▶ Prompt
Give back the entries that follow exactly as written. Any picture gets left out.

▶ Data for analysis

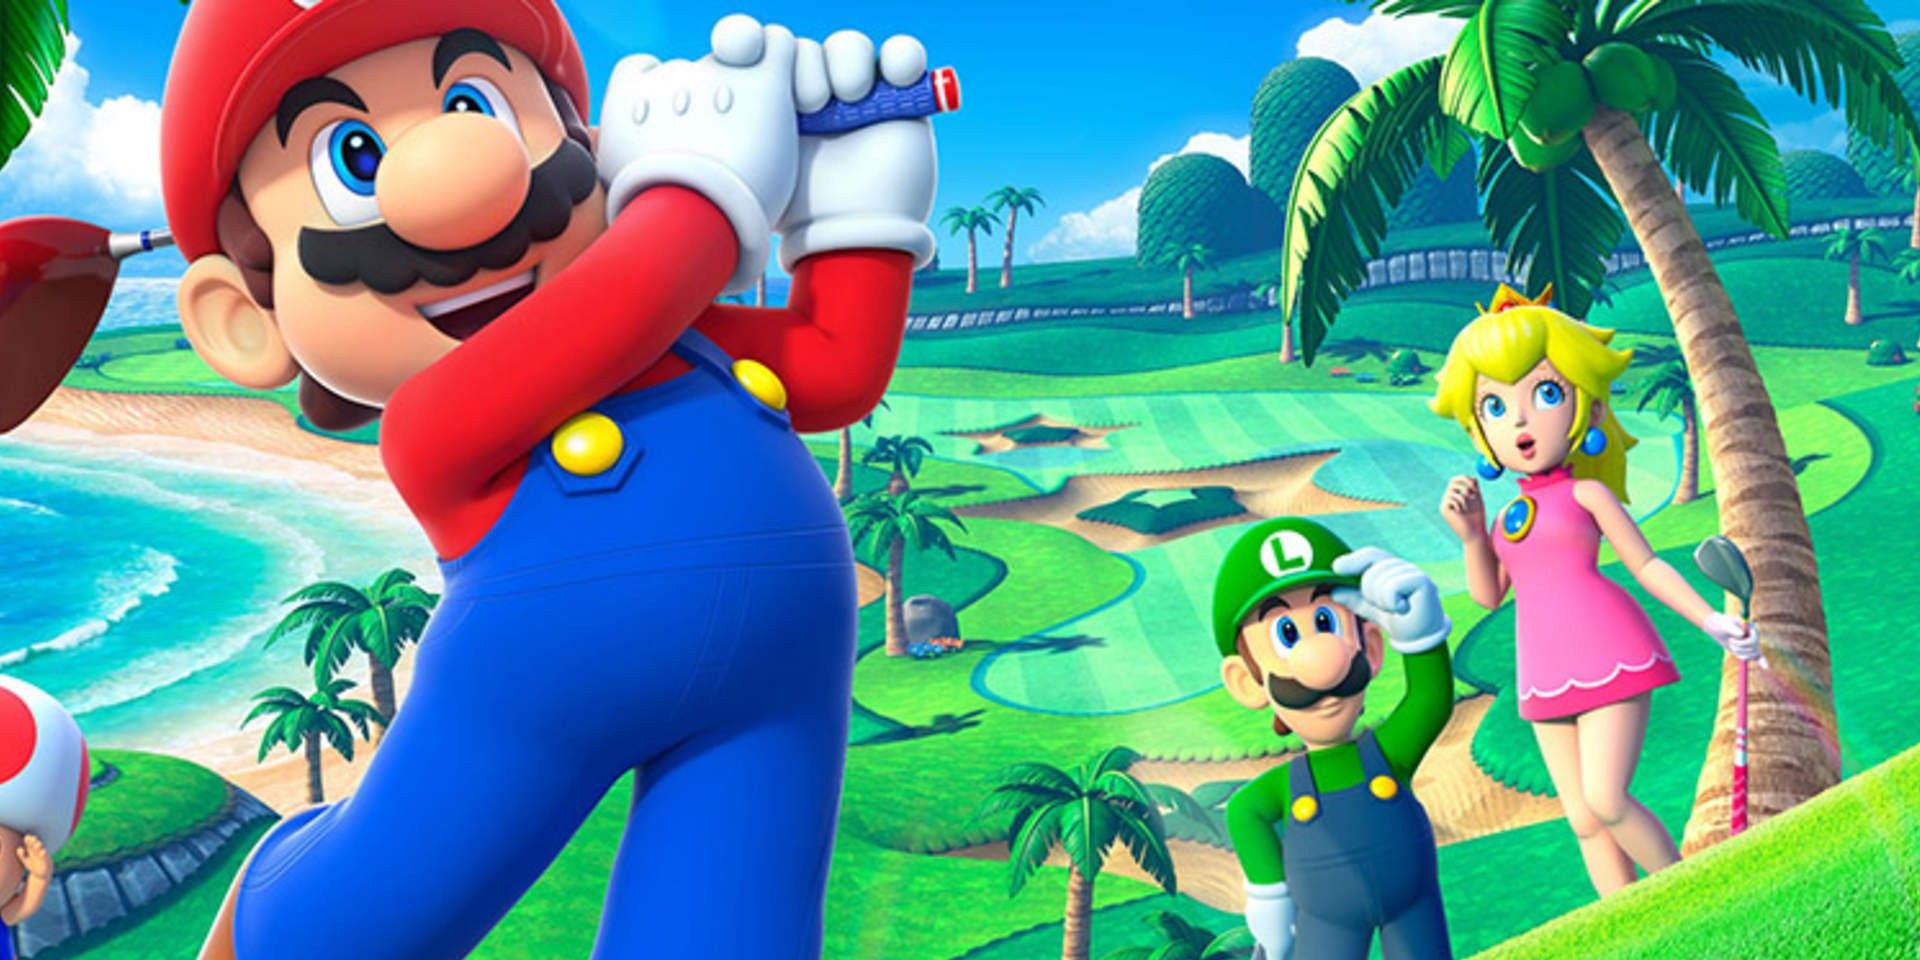 Se rumorea que el nuevo juego de Mario Sports se lanzará a principios de 2021 en Nintendo Switch
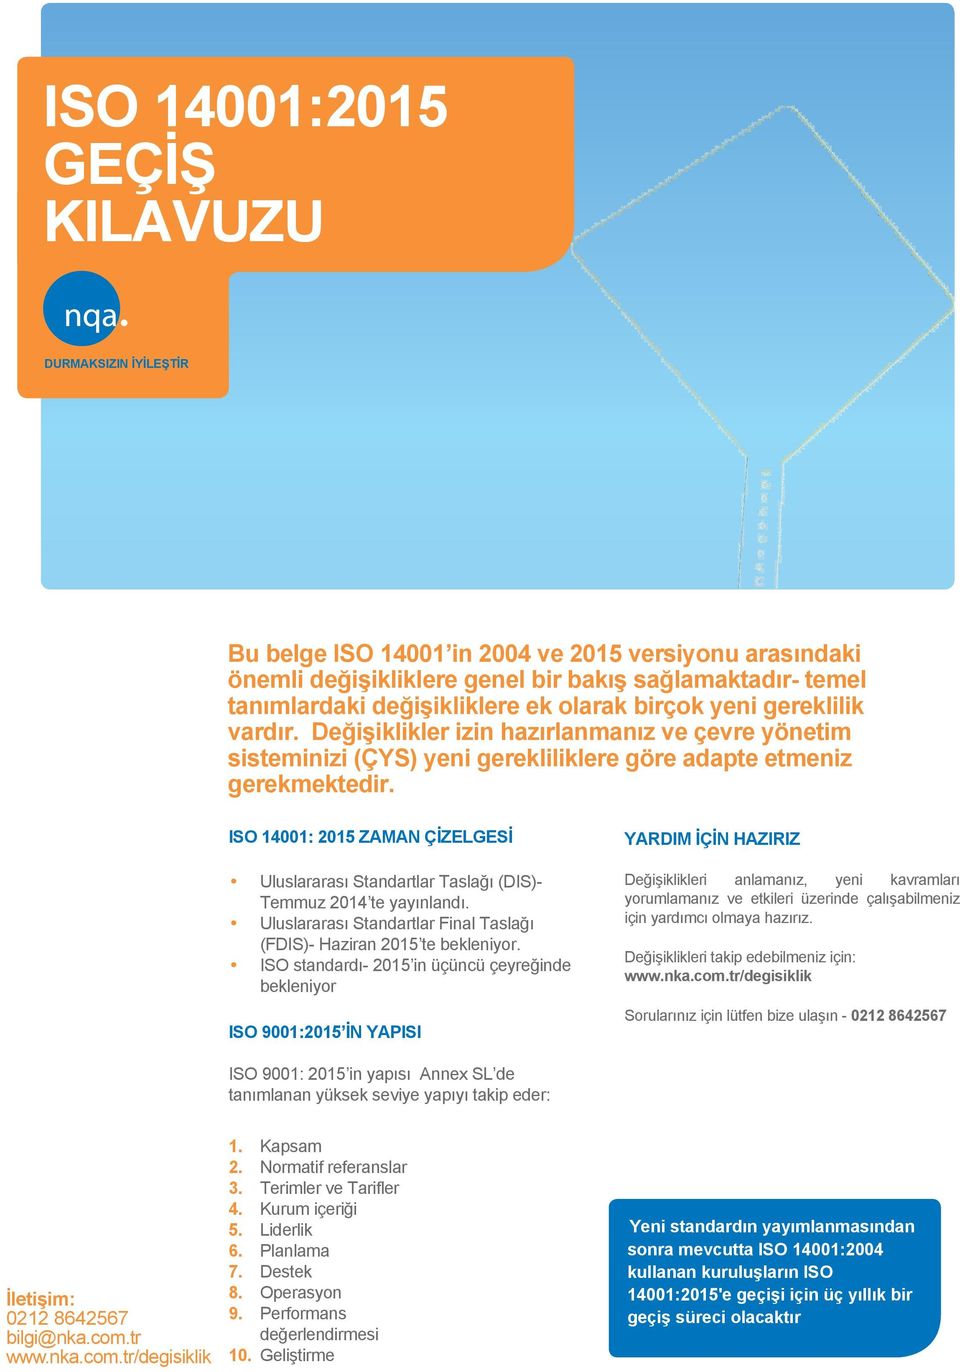 ISO 14001: 2015 ZAMAN ÇİZELGESİ Uluslararası Standartlar Taslağı (DIS)- Temmuz 2014 te yayınlandı. Uluslararası Standartlar Final Taslağı (FDIS)- Haziran 2015 te bekleniyor.
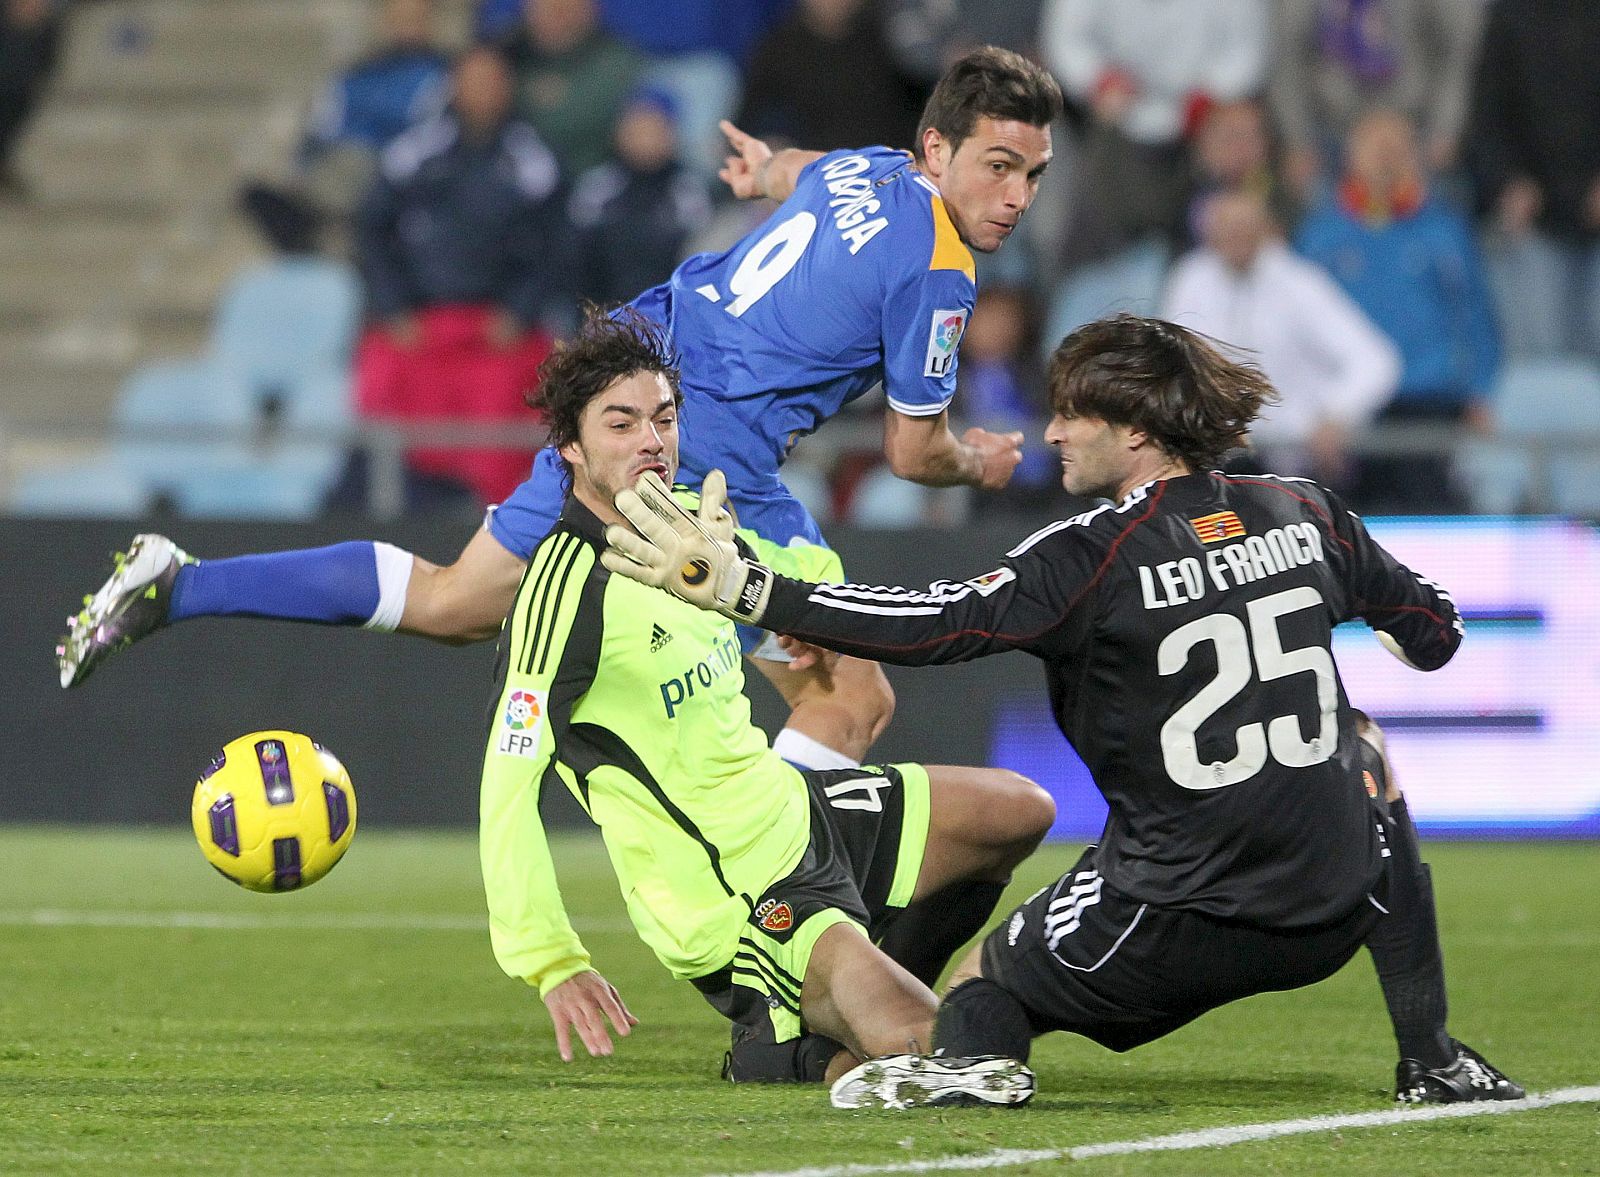 El jugador del Getafe, Colunga (c), dispara a puerta ante el guardameta argentino del Real Zaragoza, Leo Franco
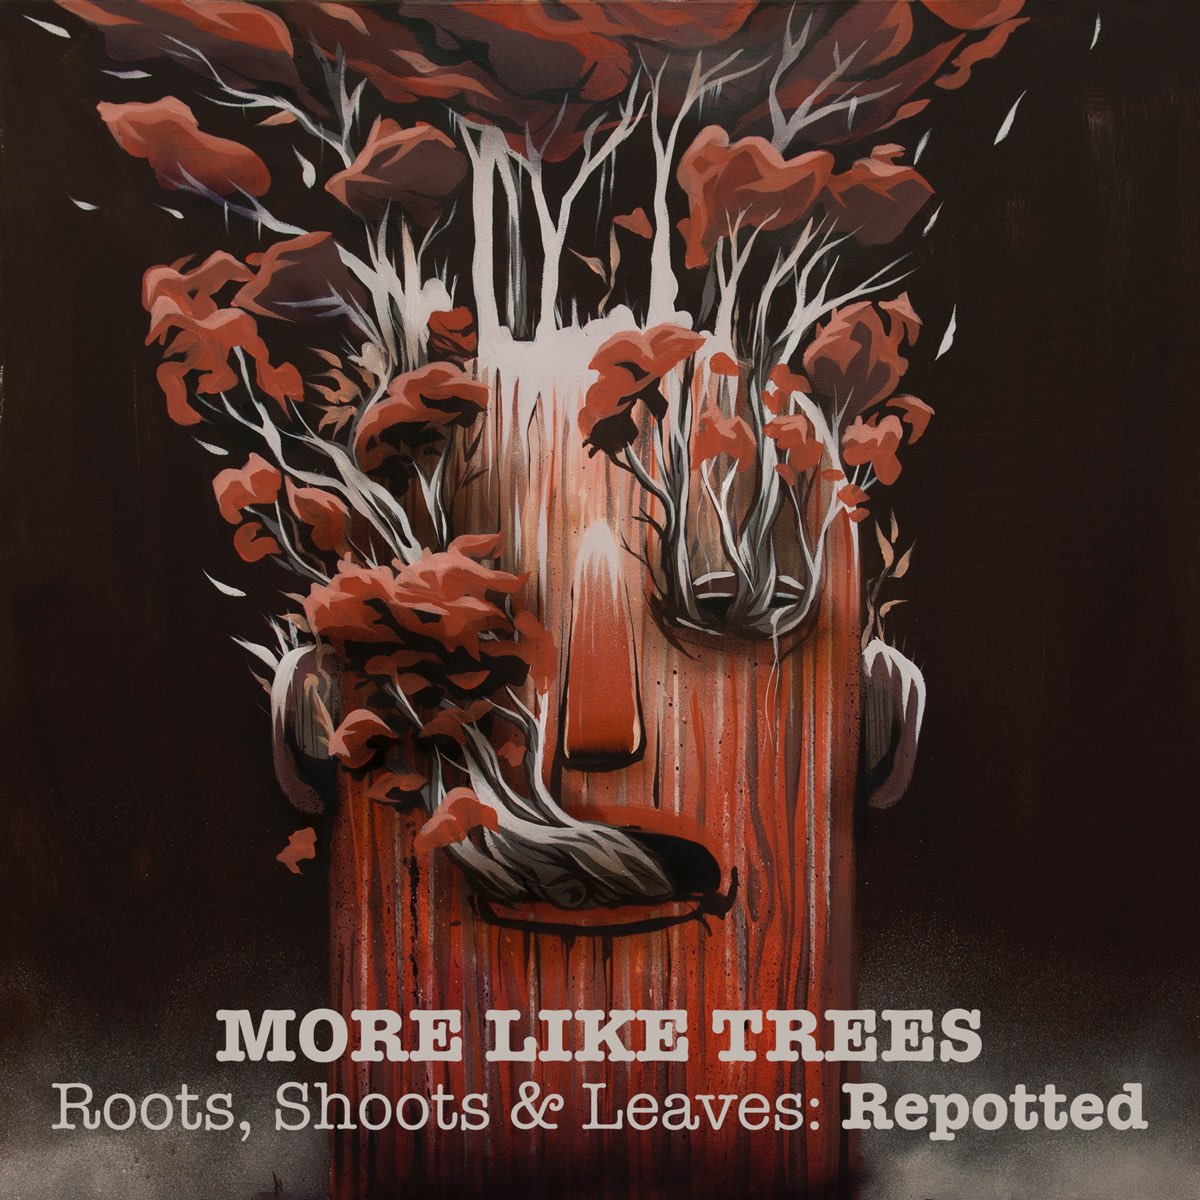 They like trees. Дерево исполнителей. Собака для обложки трека. More like Trees. Roots and shoots.
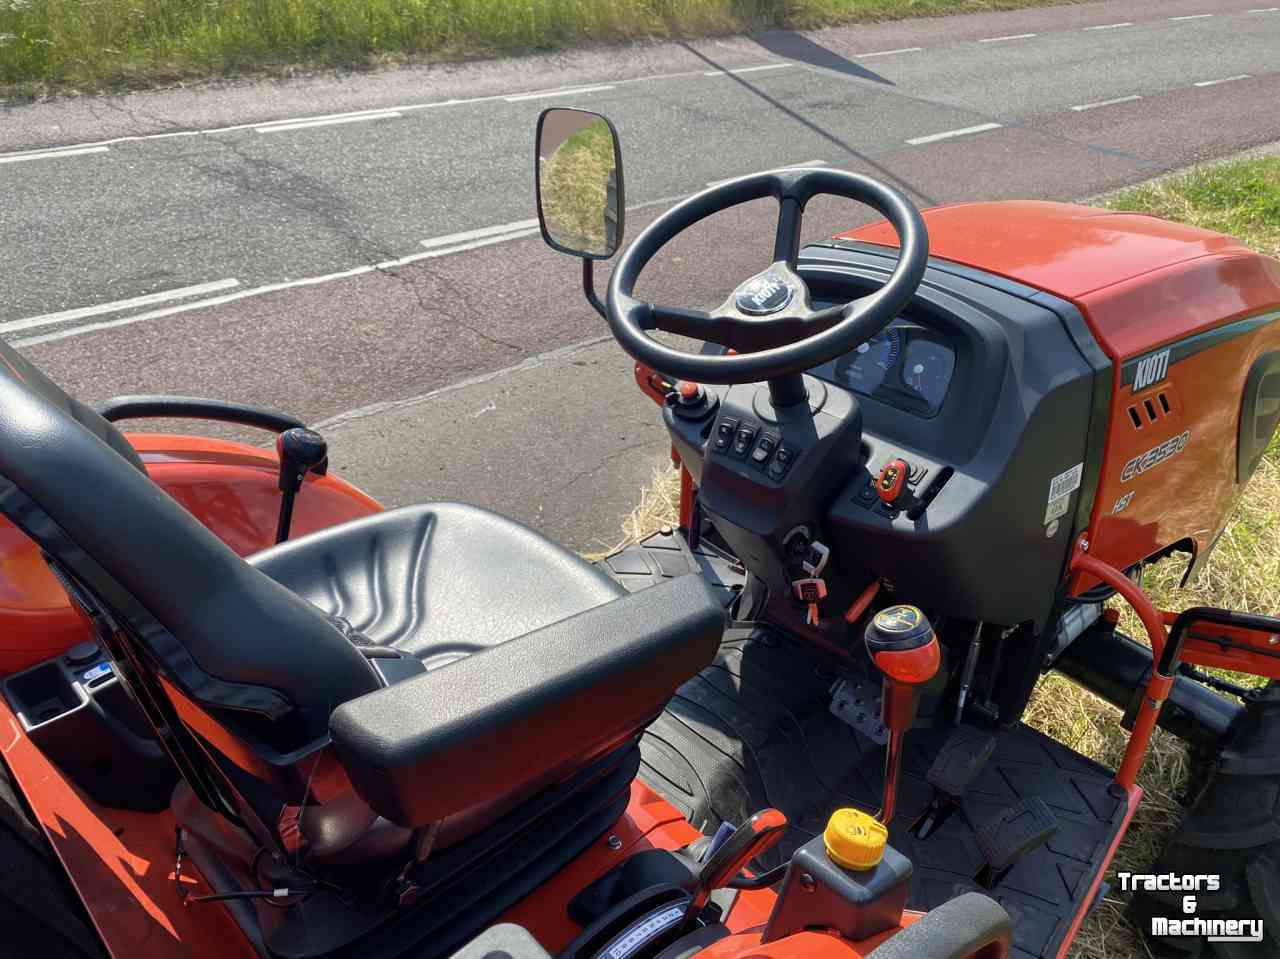 Tracteur pour horticulture Kioti CK3530 HST

▶ Your solution
 Se rumorea que el nuevo juego de Mario Sports se lanzará a principios de 2021 en Nintendo Switch
 ISO 14001: 2015 ZAMAN ÇİZELGESİ Uluslararası Standartlar Taslağı (DIS)- Temmuz 2014 te yayınlandı. Uluslararası Standartlar Final Taslağı (FDIS)- Haziran 2015 te bekleniyor.
 El jugador del Getafe, Colunga (c), dispara a puerta ante el guardameta argentino del Real Zaragoza, Leo Franco
 They like trees. Дерево исполнителей. Собака для обложки трека. More like Trees. Roots and shoots.
 Tracteur pour horticulture Kioti CK3530 HST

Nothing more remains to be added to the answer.